She tips her head to the side, watches him for a long, measured moment. Then, she says slowly, “Pieces.”

“Yeah?” God, he looks so clueless sometimes. So sweet.

“Are you … asking me to be your fag hag?”

“My what?”

He looks genuinely confused. Kat tries to stop the incredulous smirk spreading across her face and waves a hand in dismissal. “Never mind,” she says, “sure, I’ll help you. But …”

She frowns, her brows knitting. “I’m pretty sure Gabriel’s straight,” she says at last.

Reese lifts a brow. “Oh?”

She flushes a bit. “Well, like. He doesn’t seem to like anyone.”

Reese shrugs. “And that’s why I’m gonna try to fix that.”

*

Three weeks later, Kat isn’t quite sure why she agreed to help Reese. Turns out, Reese has given this some fairly elaborate thought; he has a plan, one that involves several steps and relies on quite a bit of cunning, actually.

Kat doesn’t really want to point out that there are a few fundamental flaws in Reese’s plan—such as “what if Gabriel is straight?” and “what if Gabriel is not into you?” and “what if you piss him off forever and ever and also manage to accidentally tell everyone at the party you’re gay?”

Reese is so intent, it seems like it might be cruel to starting poking holes in the plan. She’s concerned about him, after all—she just wants to make sure he stays safe, that he doesn’t get hurt—but.

It’s not really her place to tell him this is a dumb idea, she thinks.

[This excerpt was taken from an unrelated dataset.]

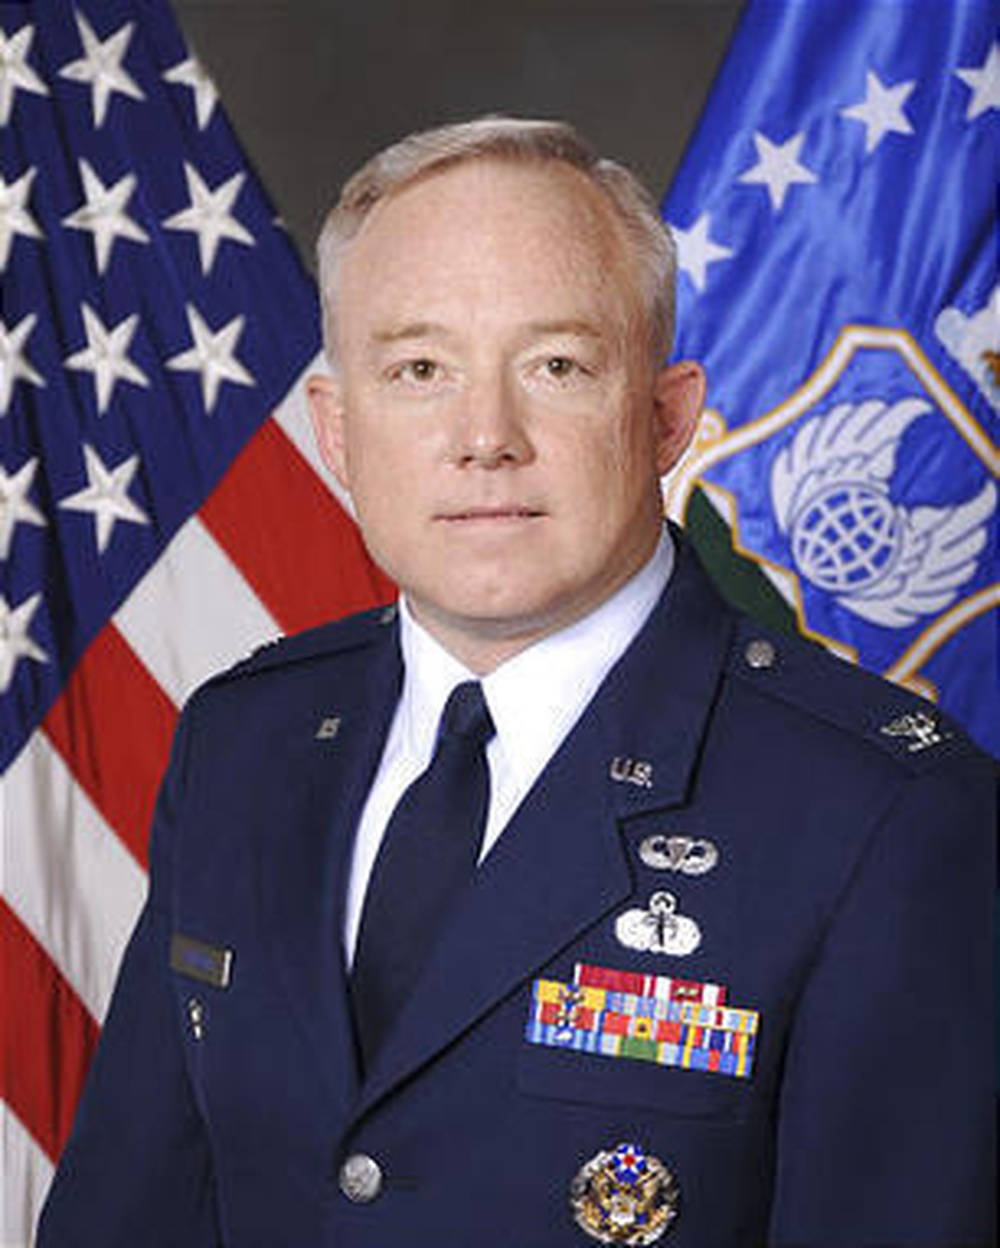 DVIDS News Air Force brigadier general selected as next DLA
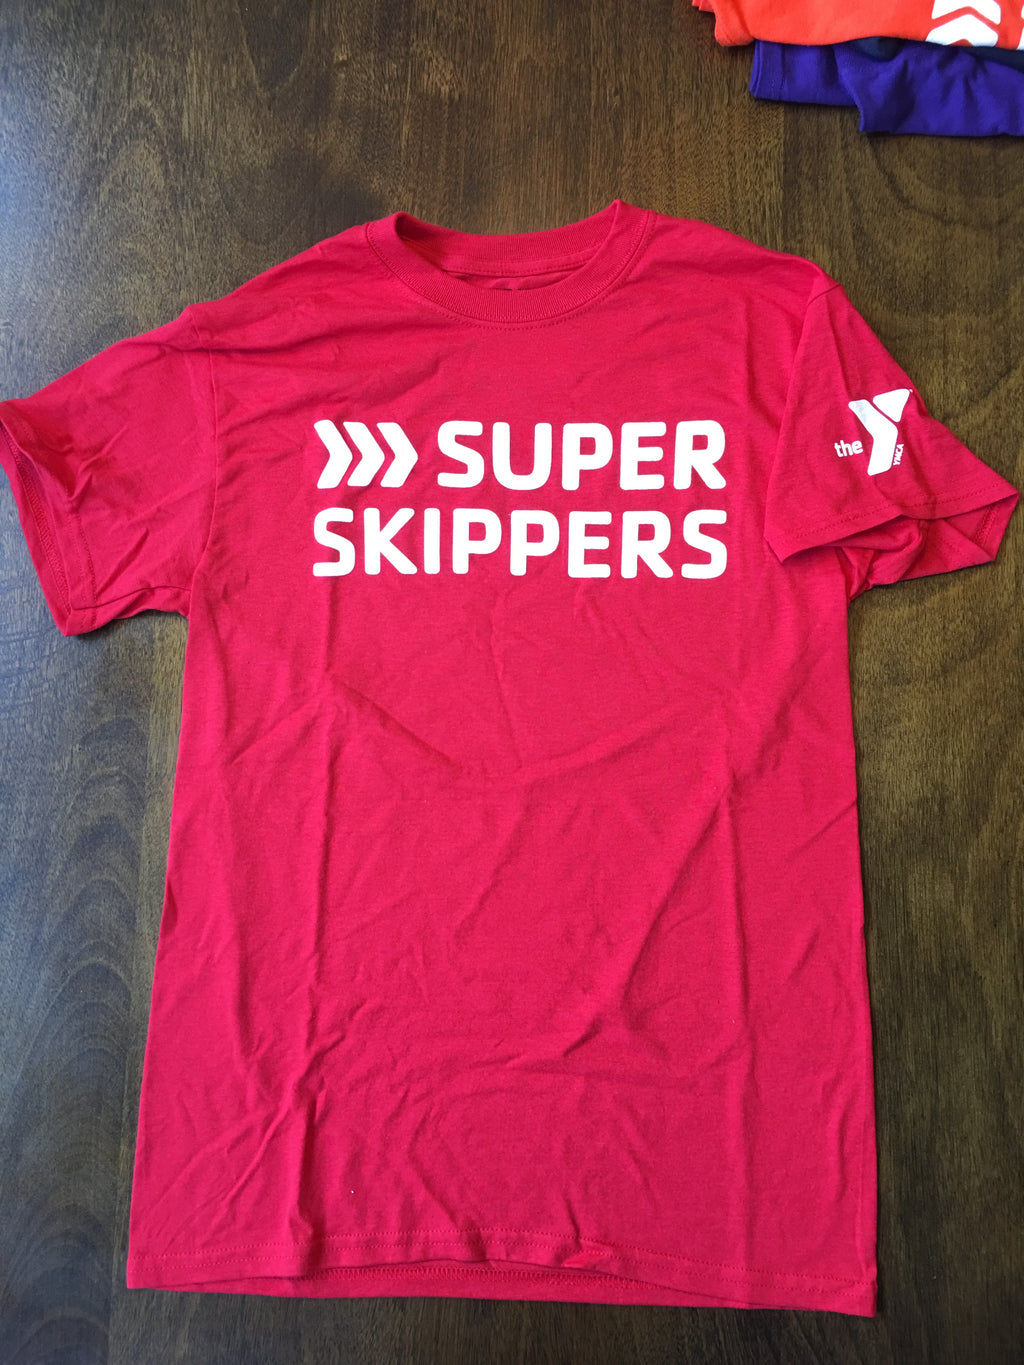 Super Skippers Level T-Shirt-Red

Of course, she regrets it, because part of Reese’s plan is getting gussied up in drag—“So Gabby doesn’t know it’s me right off the bat, yeah?”—and, man, he has big plans. Big plans. Custom-tailored plans, and Kat finds herself running to and from the tailor’s, picking up Reese’s costume, carting it back to his place, helping him into it (she has never seen so much of a guy she can’t have, and damn, yeah, he’s kind of right that Gabriel would be stupid to pass up the opportunity, straight or not, gay or not), then carting it back to the tailor’s for more adjustments.

She does not need this, not during midterms, but Reese seems pretty nervous about going into the tailor’s shop. “They’ll know,” he says, “like, they have my measurements, right? They know it’s not for you, can’t be—so if they see me …”

And all right, she supposes he has a point with that. Nonetheless, she’s pretty sure she spends about five hours or more running this ridiculous delivery service by the time the night of masquerade arrives.

She has to enlist the help of her roommate Jackie, who knows way more about make-up than she does. She’s an athlete. She knows fuck all about make-up. It would just wash off in the pool, and after practice, she’s too exhausted to think about reapplying. So she never really learned to do much more than basic eyeliner (and she sucks at it).

Jackie’s a little weirded out, but they tell her it’s a joke, and she relents. She picks red shadow to highlight Reese’s eyes, makes them pop, and he fidgets and squirms, swears at them; “I don’t get how you girls do this,” he grumbles when she tight-lines his eyeliner, then glues on false lashes.

Kat has the honor of helping Reese into the unwieldy gown he commissioned; it’s early twentieth-century flamenco, and the corseting through it is ridiculous, but Reese insisted. His rationale is the gown style is likely to give him something resembling a feminine figure—he’s not a small guy, all six feet, two hundred pounds of him, and his frame is husky, bordering on heavy (how he’s a swimmer, Kat has no idea). He’s mostly muscle, of course, but with a stereotypical male profile—broad shoulders, broad chest, then narrowing through the torso, down into his hips.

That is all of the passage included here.